In this notebook we introduce the following Julia/Knet packages and functions:

* Knet's function [conv4](http://denizyuret.github.io/Knet.jl/latest/reference.html#Knet.conv4): Execute convolutions or cross-correlations using filters specified with `w` over tensor `x`.
* Knet's function [pool](http://denizyuret.github.io/Knet.jl/latest/reference.html#Knet.pool): Compute pooling of input values (i.e., the maximum or average of several adjacent values) to produce an output with smaller height and/or width.

## Convolutional neural networks (CNNs)

In the [previous example](../chapter03_deep-neural-networks/section2-multilayer perceptrons.ipynb), we connected the nodes of our neural networks in what seems like the simplest possible way. Every node in each layer was connected to every node in the subsequent layers. 

![](https://github.com/zackchase/mxnet-the-straight-dope/blob/master/img/multilayer-perceptron.png?raw=true)

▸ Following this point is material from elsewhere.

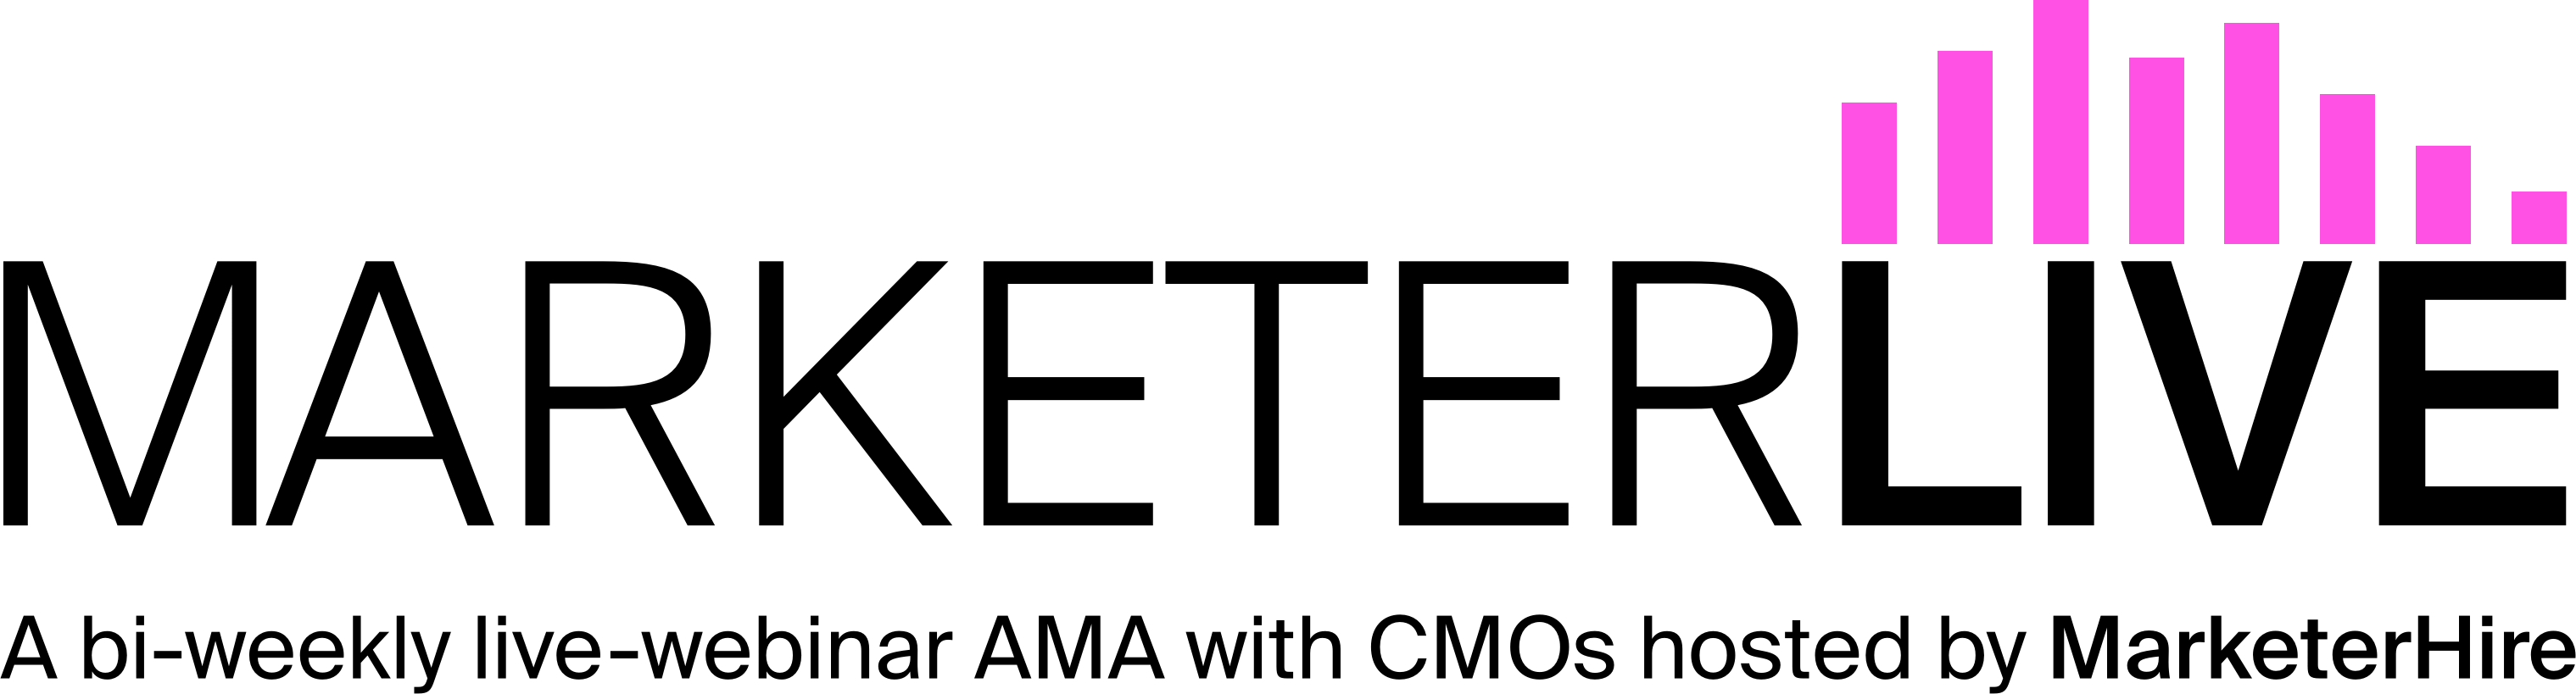 MarketerLive logo-1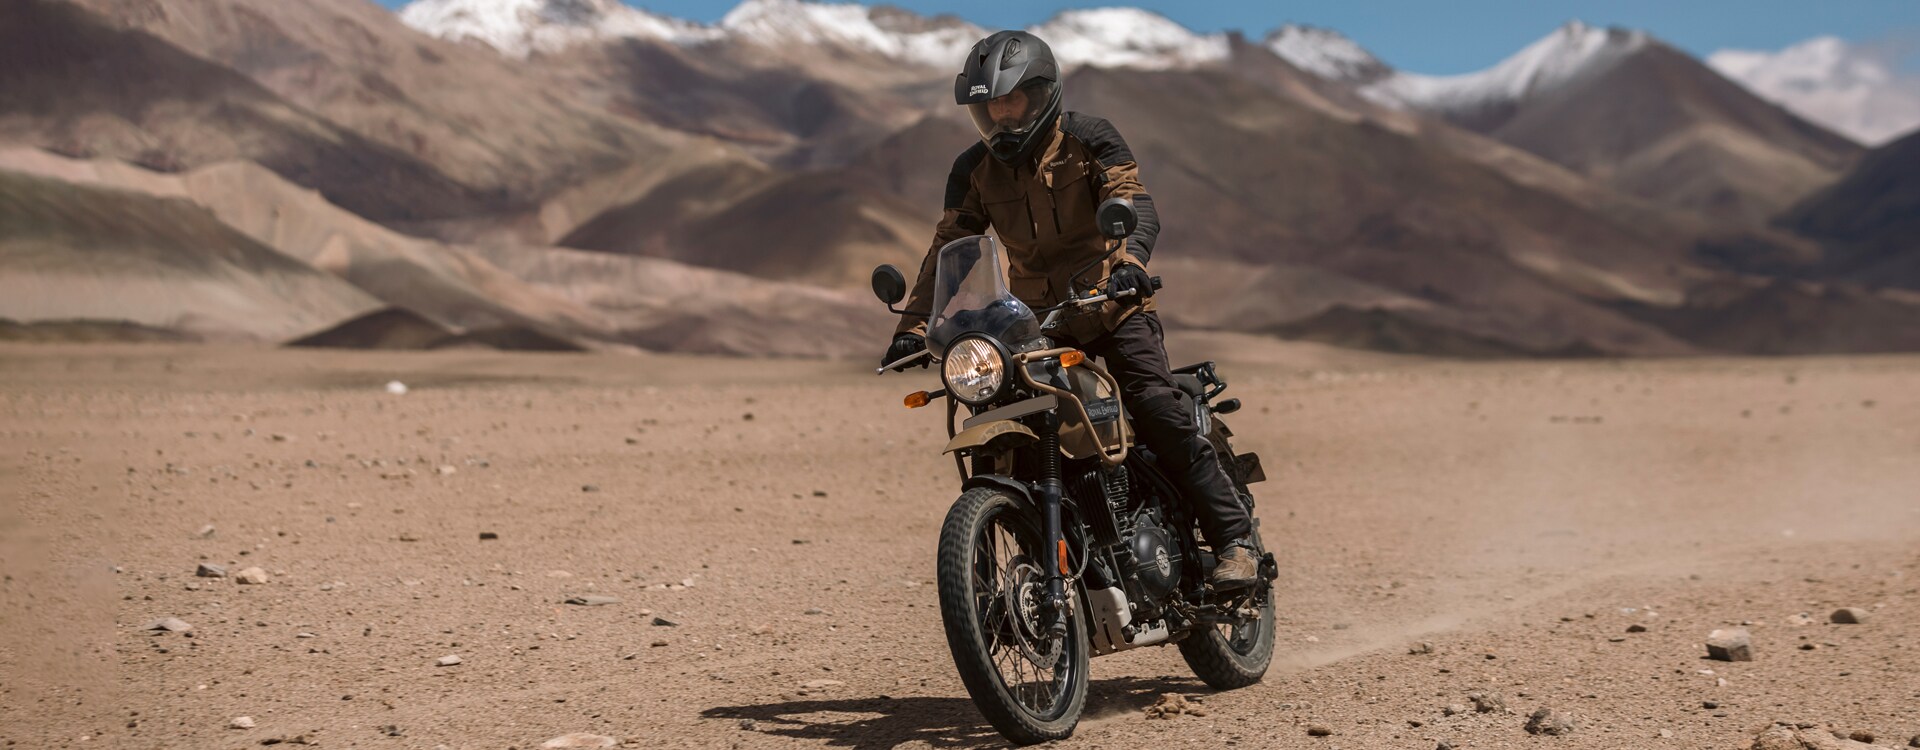 Himalayan 410 - For an unshakable ride

This can require a lot of parameters! If our input were a 256x256 color image (still quite small for a photograph), and our network had 1,000 nodes in the first hidden layer, then our first weight matrix would require (256x256x3)x1000 parameters. That's nearly 200 million. Moreover the hidden layer would ignore all the spatial structure in the input image even though we know the local structure represents a powerful source of prior knowledge. 

Convolutional neural networks incorporate convolutional layers. These layers associate each of their nodes with a small window, called a *receptive field*, in the previous layer, instead of connecting to the full layer. This allows us to first learn local features via transformations that are applied in the same way for the top right corner as for the bottom left. Then we collect all this local information to predict global qualities of the image (like whether or not it depicts a dog). 

![](http://cs231n.github.io/assets/cnn/depthcol.jpeg)
(Image credit: Stanford cs231n http://cs231n.github.io/assets/cnn/depthcol.jpeg)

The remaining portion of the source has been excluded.